Try this on for size... recently during a reboot (first in about 3 months for
this particular server) our entire rc.d directory failed to start... after some
hacking of the rc file to output some helpful debuggin, it was apparent that the
010.pgsql.sh script in /usr/local/etc/rc.d was timing out and causing any
directives thereafter not to be processed.
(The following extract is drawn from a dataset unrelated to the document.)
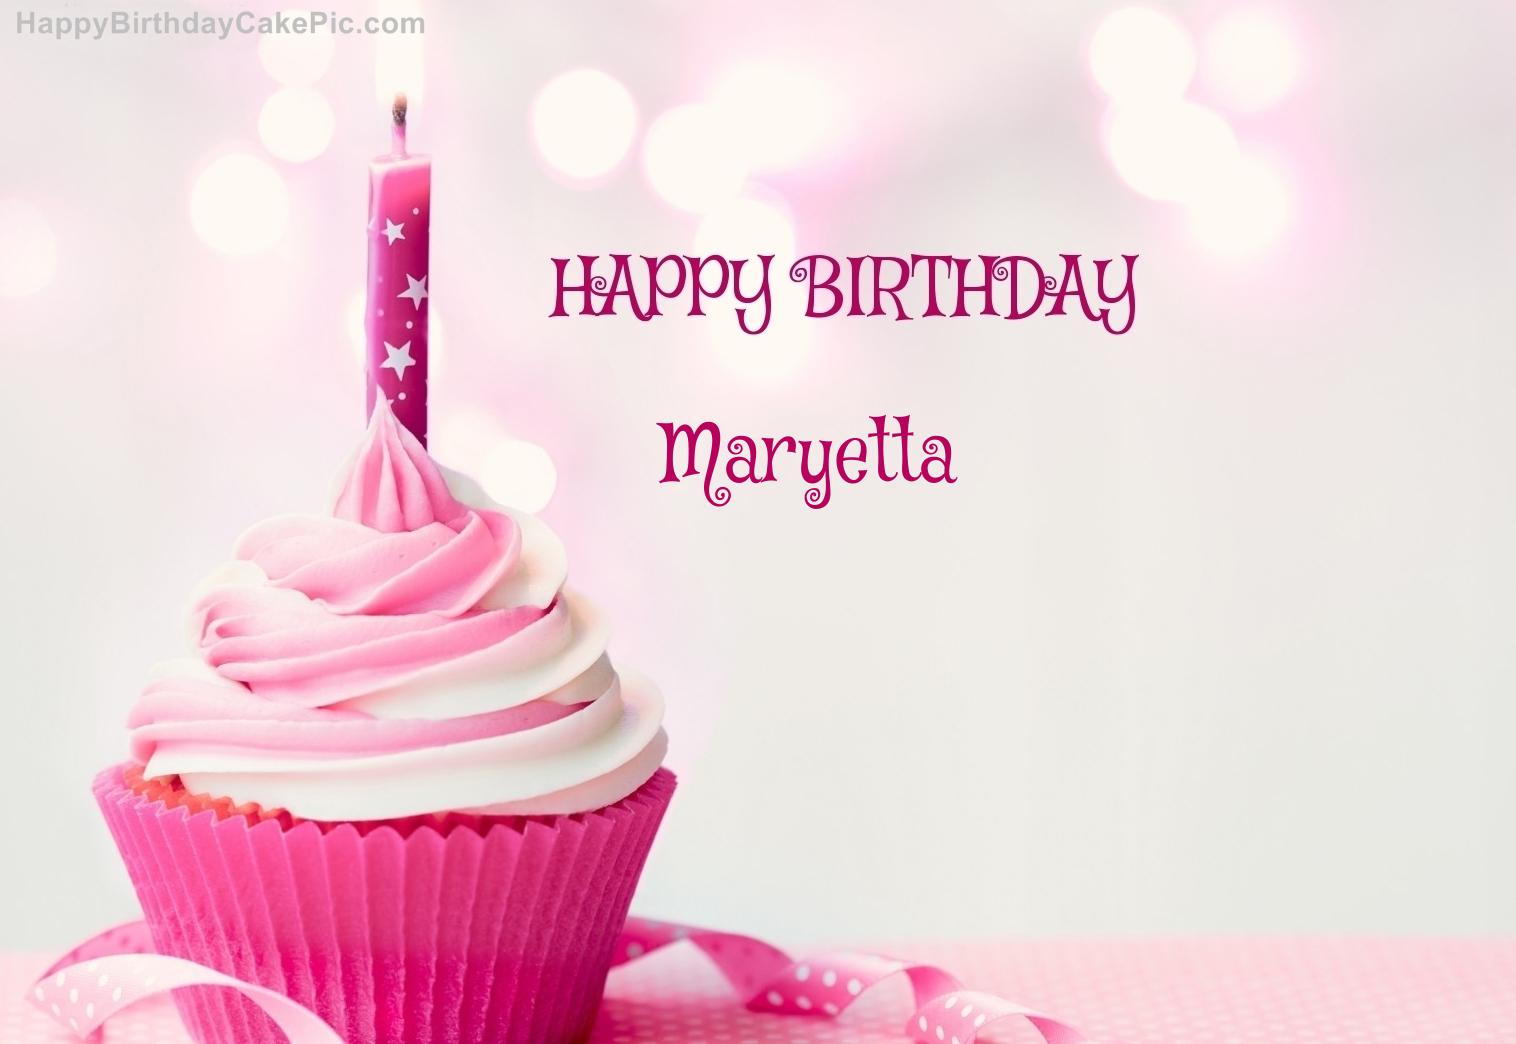 Happy Birthday Cupcake Candle Pink Cake For Maryetta

Running the script manually as root starts the postmaster but doesn't return you
to the command prompt. ^C and checking the errlog shows

Waiting for postmaster starting up..DEBUG: Data Base System is starting up at
Sat Mar 9 17:05:45 2002
DEBUG: Data Base System was shut down at Sat Mar 9 17:05:39 2002
DEBUG: Data Base System is in production state at Sat Mar 9 17:05:45 2002
Fast Shutdown request at Sat Mar 9 17:05:48 2002
DEBUG: Data Base System shutting down at Sat Mar 9 17:05:48 2002
DEBUG: Data Base System shut down at Sat Mar 9 17:05:48 2002

Can force it to return to command prompt by adding a "&" and doublt cr

web1# /usr/local/etc/rc.d/010.pgsql.sh start &
[1]: + Suspended (tty output) /usr/local/etc/rc.d/010.pgsql.sh start web1#
web1#
[1]: + Suspended (tty output) /usr/local/etc/rc.d/010.pgsql.sh start web1#
web1#

and postgres stays up and frees the terminal. Output in errlog for this is...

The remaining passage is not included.